Следствие напрасно сочло эту стамеску собственностью Вавилы: я получил ее — блестящую и наточенную, как бритва, — за два часа перед тем из рук Веры, а где достала ее Вера — не знаю. Вавилу я перевез на другой берег Твы, — рассказ его на суде совершенно правдив. Проходя по арсеньевскому саду, я зажег спичку и посмотрел на часы. Все мое отсутствие продолжалось сорок минут. Я направился в кабинет Арсеньева, к винтерам; зеркало в передней показало мне, что я, несмотря на спех и темноту, оделся как следует.
— Нагулялись? — спросил меня хозяин.
— Да, — ответил я беззаботно, — сыро, знаете… Молодежи хорошо рисковать, а у меня ревматизм.
Сабуров вышел из игры, и я сел за него. Играл я отлично, не хуже, чем всегда, а между тем делал ходы совсем машинально. Скоро ли откроется? Скоро ли прибегут из дома с известием об убийстве?.. Вошла Вера. На ее вопросительный взгляд я чуть кивнул головой. Она равнодушно отвернулась. Почему-то меня покоробило ее хладнокровие; я рассердился, и вдруг во мне что-то словно сорвалось с места, всколыхнулось и задрожало; мои колени невольно застучали одно о другое, а карты заплясали в руках. Могучим напряжением воли я сдержал этот нервный припадок — тогда он принял другую форму. Истерическое удушье шаром поднялось от диафрагмы к горлу, и я, едва дыша, чувствовал, что если не проглочу этого шара, то он меня задушит, а чтобы проглотить его, я непременно должен сперва заплакать… Наконец зашумела соседняя комната, двери наполнились бледными лицами в искажениях страха и любопытства, — убийство обнаружилось. Опрометью добежав домой, я упал на тело своей жертвы в непритворном обмороке.
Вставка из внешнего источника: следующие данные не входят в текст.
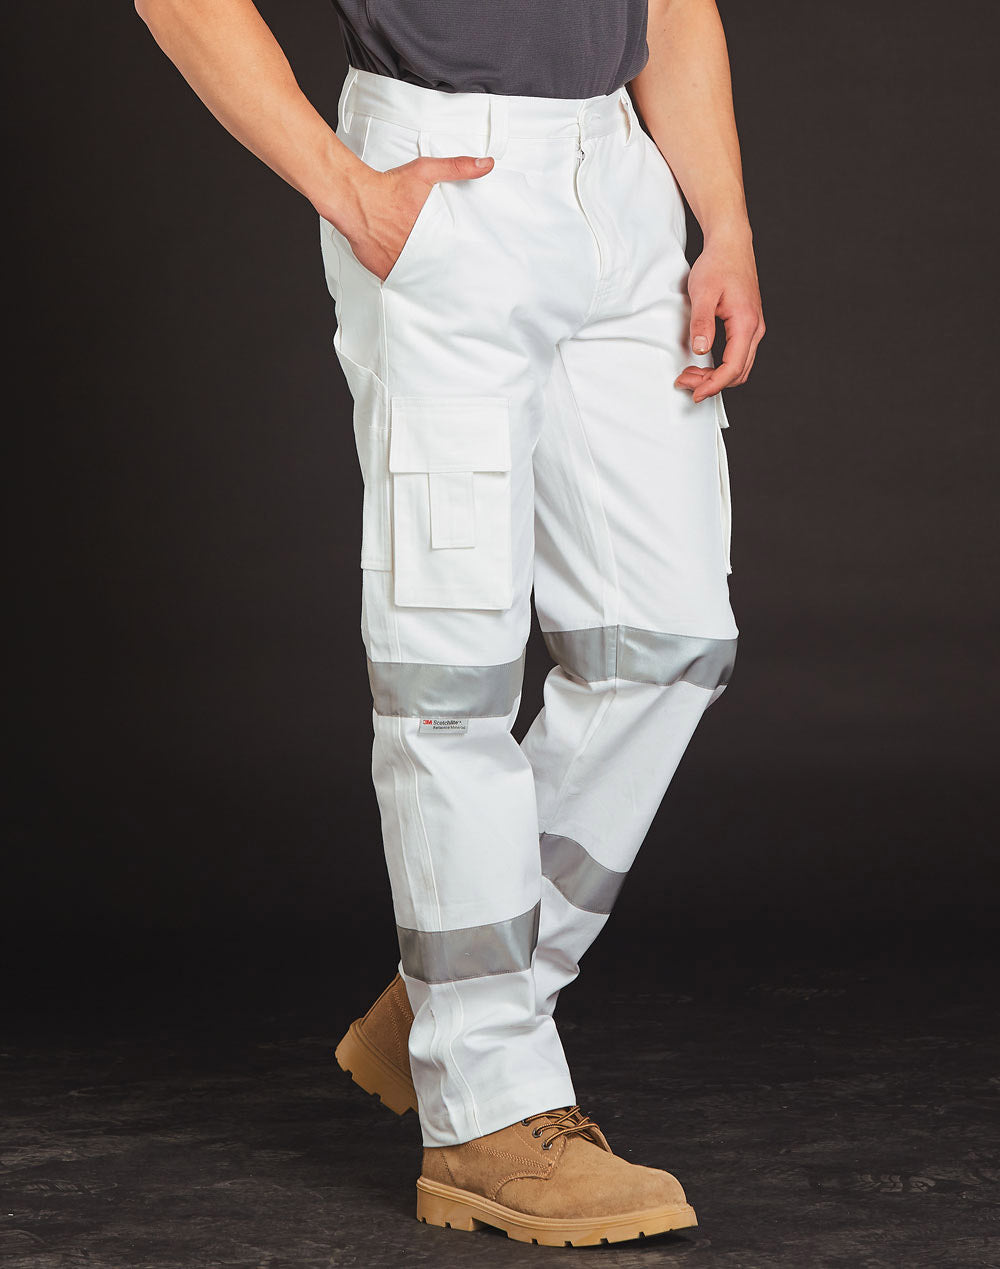 JCWP18HV Mens White Safety pants

Рассказывать свою жизнь в лечебнице я не буду. Я не жалел Евгении и не страдал муками совести: я не верю в бессмертие, а раз его нет, — так чего же стоит жизнь, что ужасного в ее потере? И самоубийство не страшно и убийство не жестокое дело, не преступление. Свои больничные дни я проводил лежа на кровати и устремив глаза на медный отдушник печки. Меня занимало, как, под моим пристальным наблюдением, он мало-помалу расплывался в большое светлое пятно, и на фоне его я видел разные странные фигуры, лица знакомых, а чаще всего Веру. Сторожа утверждали, будто я часто разговаривал сам с собою, но я не замечал этого. Вообще, не решусь сказать, был ли я вполне нормальным умственно в то время. Скорее нет: уж слишком апатично жилось мне и думалось в лечебнице. Сколько помню, я тогда с удовольствием сосредоточивался лишь на двух мыслях — что мне надо притворяться сумасшедшим и что скоро женюсь на Вере. Арсеньевы изредка навещали меня.
Наконец, я выздоровел. Женился.
Тут-то и ждало меня возмездие. В день свадьбы я был сильно взволнован; у меня как-то особенно болела голова — боль, вроде мигрени, шла от затылка двумя ветвями к вискам — и все летали мушки перед глазами. Помню так же, что в тот день я несколько раз ошибался в распознавании цветов, хотя раньше никогда не страдал дальтонизмом. Под венцом я, совсем больной и расстроенный, едва крепился, чтобы выдержать церемонию до конца прилично, с достоинством. Священник предложил нам поцеловаться. Я взглянул на Веру — и кровь застыла в моих жилах, голова закружилась, я чуть не закричал от испуга, едва устоял на ногах: из-под венчального вуаля на меня смотрело не Верочкино лицо — предо мной стояла Евгения! Она выглядела здоровой, румяной, кроткой, веселой, как при жизни: она улыбалась… И это лицо я должен был поцеловать! Я сознавал, что брежу, галлюцинирую, но — какая страшная галлюцинация! Призвав на помощь всю силу духа, я быстро дотронулся до своего левого глаза, — давление на сетчатку — лучшее средство прогнать обманы зрения: видение исчезло. Я снова узнал Веру; она смотрела на меня с выражением изумления и беспокойства: так изменился я в лице!